Myology 2016 – Day 4: Focus on therapeutics on trial

The fourth day of Myology 2016, organised by AFM-Téléthon, opened on a plenary session dedicated to the different myology-related advances. H. Lee Sweeney from the University of Florida (USA), co-chairman of the congress, overviewed the trials using oligonucleotides in Duchenne muscular dystrophy. He underlined the need, for demonstrating the efficiency of products currently under clinical researches, to improve the homogeneity of included patients, the selection of evaluation criteria, as well as the tools and the biomarkers used. Throughout this session, Ana Buj-Bello from Genethon (Evry, France) presented her work on gene therapy for X-linked myotubular myopathy (XLMTM) which have proved effective after only one injection in the dog model of the disease, followed by a quick and long-termed recovery (3-year hindsight), also when the disease is established.

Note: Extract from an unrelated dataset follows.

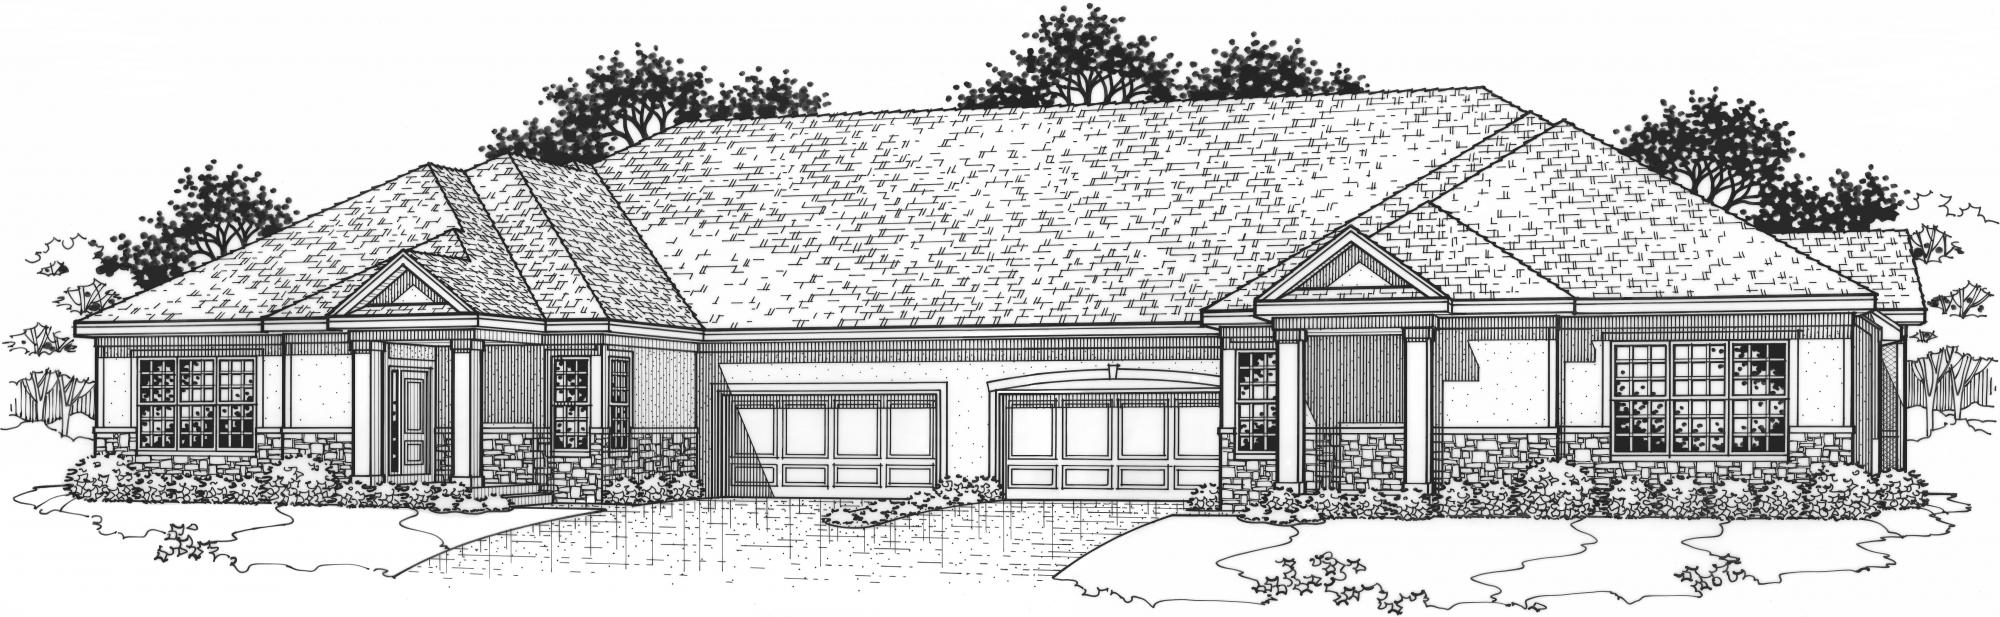 black and white rendering of a minor model from Lambie custom homes

During the afternoon session, called “SMA and therapeutics”, Richard Finkel from Philadelphia (USA) and Jerry Mendell from Colombus (USA) presented the results of ongoing trials in spinal muscular atrophy type 1 (SMA1), the most severe form of the disease, involving a vital prognosis of under 2 years. Two therapeutic strategies are being tested: an antisense oligonucleotide product by Ionis Pharmaceutical and a gene therapy product from Avexis. The two American researchers showed outstanding videos of motor skills acquired by the treated babies: tonus, head holding, sitting position, standing position… Those preliminary results require to be confirmed, but mark the arrival of advanced therapies for spinal muscular atrophy.